Pandas `read_csv()` has a parameter called `na_values` that lets you specify the form of missing values with a scalar, string, list, or dictionary

In [2]:
import pandas as pd
df = pd.read_csv('datasets/class_grades.csv')
df.head(10)

Unnamed: 0,Prefix,Assignment,Tutorial,Midterm,TakeHome,Final
0,5,57.14,34.09,64.38,51.48,52.5
1,8,95.05,105.49,67.5,99.07,68.33
2,8,83.7,83.17,,63.15,48.89
3,7,,,49.38,105.93,80.56
4,8,91.32,93.64,95.0,107.41,73.89
5,7,95.0,92.58,93.12,97.78,68.06
6,8,95.05,102.99,56.25,99.07,50.0
7,7,72.85,86.85,60.0,,56.11
8,8,84.26,93.1,47.5,18.52,50.83
9,7,90.1,97.55,51.25,88.89,63.61


Create a Boolean mask to see which cells are missing:

In [3]:
# broadcast isnull() to every cell of data
mask = df.isnull()
mask.head(10)

Unnamed: 0,Prefix,Assignment,Tutorial,Midterm,TakeHome,Final
0,False,False,False,False,False,False
1,False,False,False,False,False,False
2,False,False,False,True,False,False
3,False,True,True,False,False,False
4,False,False,False,False,False,False
5,False,False,False,False,False,False
6,False,False,False,False,False,False
7,False,False,False,False,True,False
8,False,False,False,False,False,False
9,False,False,False,False,False,False


### Handling Missing Values
1. Using `dropna()`:

In [4]:
df.dropna().head(10)

Unnamed: 0,Prefix,Assignment,Tutorial,Midterm,TakeHome,Final
0,5,57.14,34.09,64.38,51.48,52.5
1,8,95.05,105.49,67.5,99.07,68.33
4,8,91.32,93.64,95.0,107.41,73.89
5,7,95.0,92.58,93.12,97.78,68.06
6,8,95.05,102.99,56.25,99.07,50.0
8,8,84.26,93.1,47.5,18.52,50.83
9,7,90.1,97.55,51.25,88.89,63.61
10,7,80.44,90.2,75.0,91.48,39.72
12,8,97.16,103.71,72.5,93.52,63.33
13,7,91.28,83.53,81.25,99.81,92.22


Rows indexed at 2,3,7, and 11 are now gone.
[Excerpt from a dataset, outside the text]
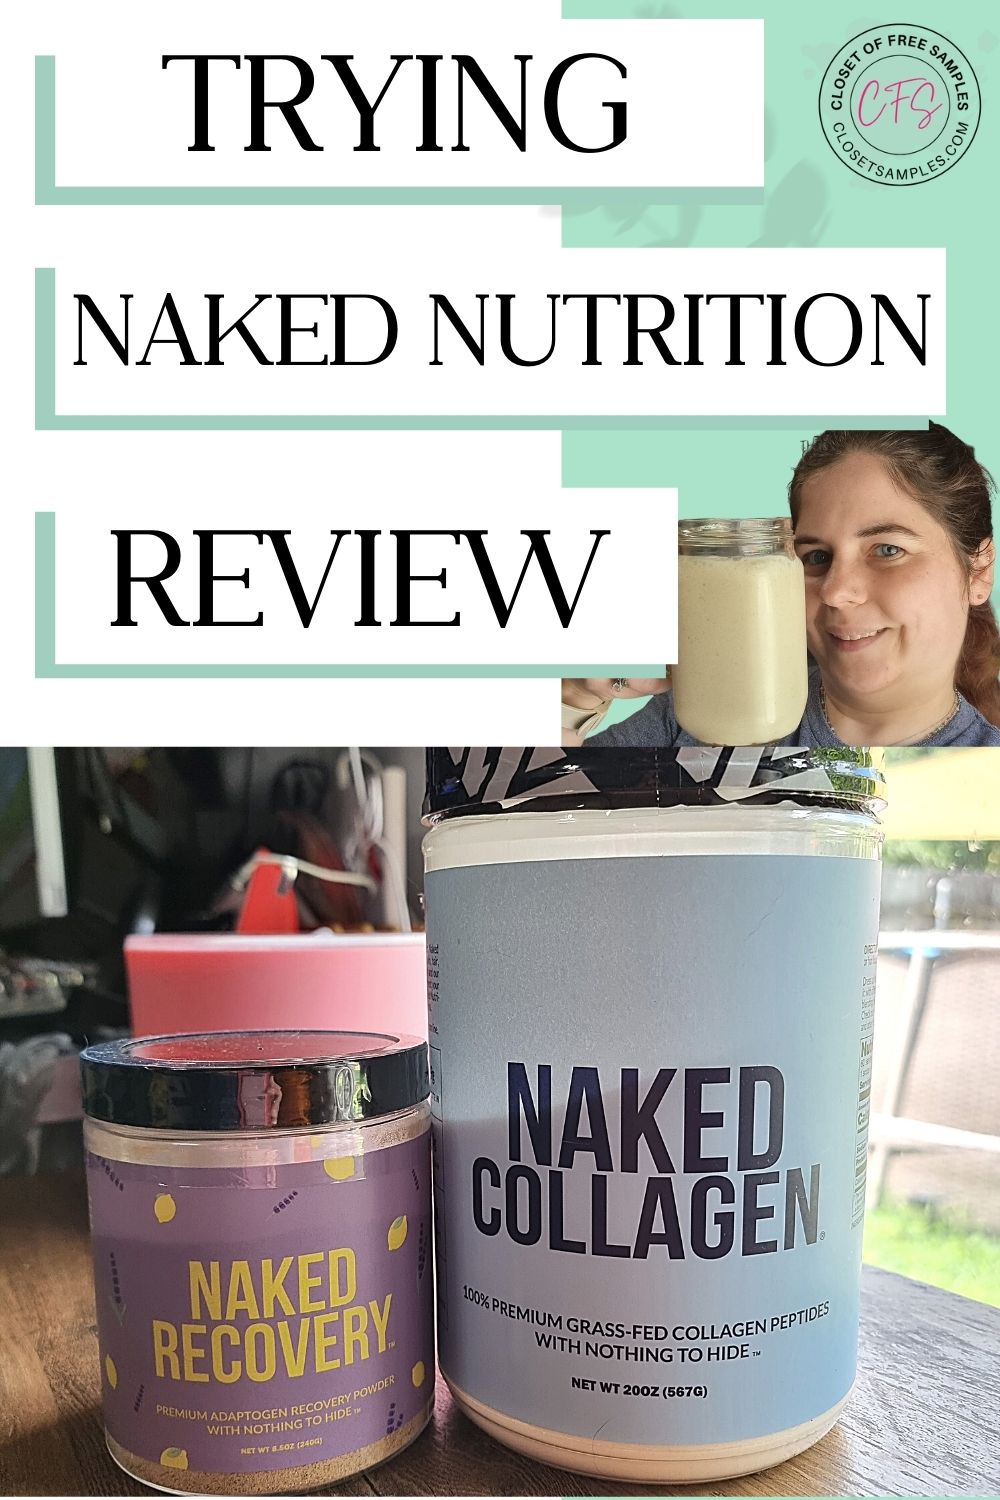 Trying Naked Nutrition Products Review Closetsamples Pinterest
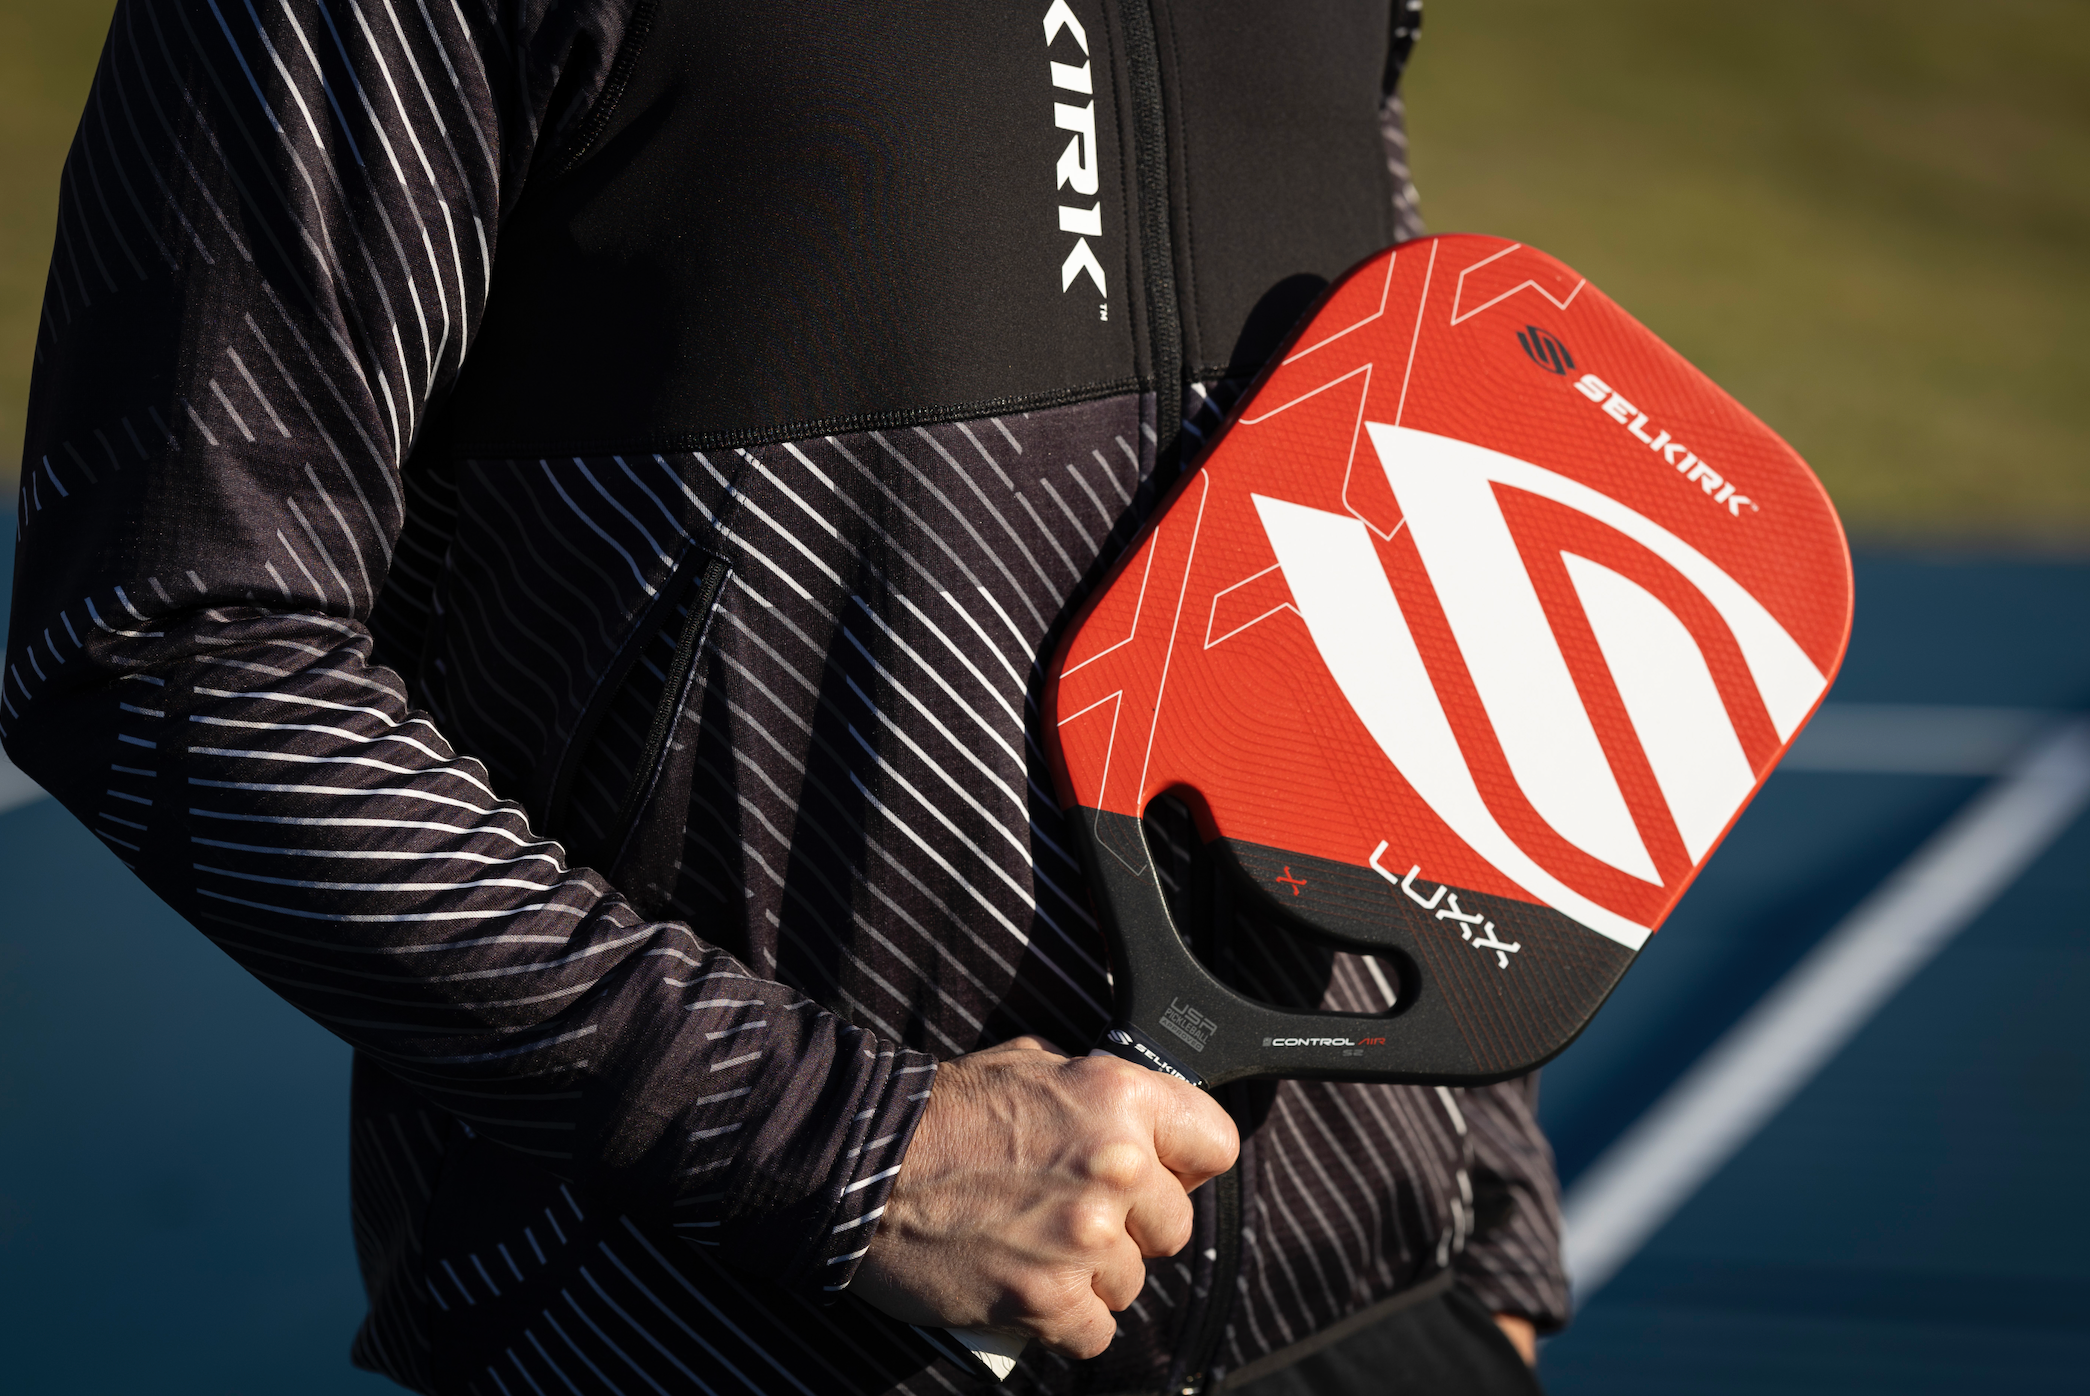 What is the sweet spot on a pickleball paddle?

2. Pandas function `fillna()` lets you fill in the missing values:

In [6]:
df.fillna(0, inplace=True) # modifies the original df
df.head(10)

Unnamed: 0,Prefix,Assignment,Tutorial,Midterm,TakeHome,Final
0,5,57.14,34.09,64.38,51.48,52.5
1,8,95.05,105.49,67.5,99.07,68.33
2,8,83.7,83.17,0.0,63.15,48.89
3,7,0.0,0.0,49.38,105.93,80.56
4,8,91.32,93.64,95.0,107.41,73.89
5,7,95.0,92.58,93.12,97.78,68.06
6,8,95.05,102.99,56.25,99.07,50.0
7,7,72.85,86.85,60.0,0.0,56.11
8,8,84.26,93.1,47.5,18.52,50.83
9,7,90.1,97.55,51.25,88.89,63.61


`na_filter()` parameter lets you turn off whitespace filtering, if whitespace is an actual value of interest; pretty rare though

Example) log data of online lecture video playbacks

First column is a timestamp in Unix epoch format

In [21]:
df = pd.read_csv('datasets/log.csv')
df.head(20)

Unnamed: 0,time,user,video,playback position,paused,volume
0,1469974424,cheryl,intro.html,5,False,10.0
1,1469974454,cheryl,intro.html,6,,
2,1469974544,cheryl,intro.html,9,,
3,1469974574,cheryl,intro.html,10,,
4,1469977514,bob,intro.html,1,,
5,1469977544,bob,intro.html,1,,
6,1469977574,bob,intro.html,1,,
7,1469977604,bob,intro.html,1,,
8,1469974604,cheryl,intro.html,11,,
9,1469974694,cheryl,intro.html,14,,


Interpretation: each row has a playback position. As playback position increases by 1, the timestamp increases by ~30 seconds.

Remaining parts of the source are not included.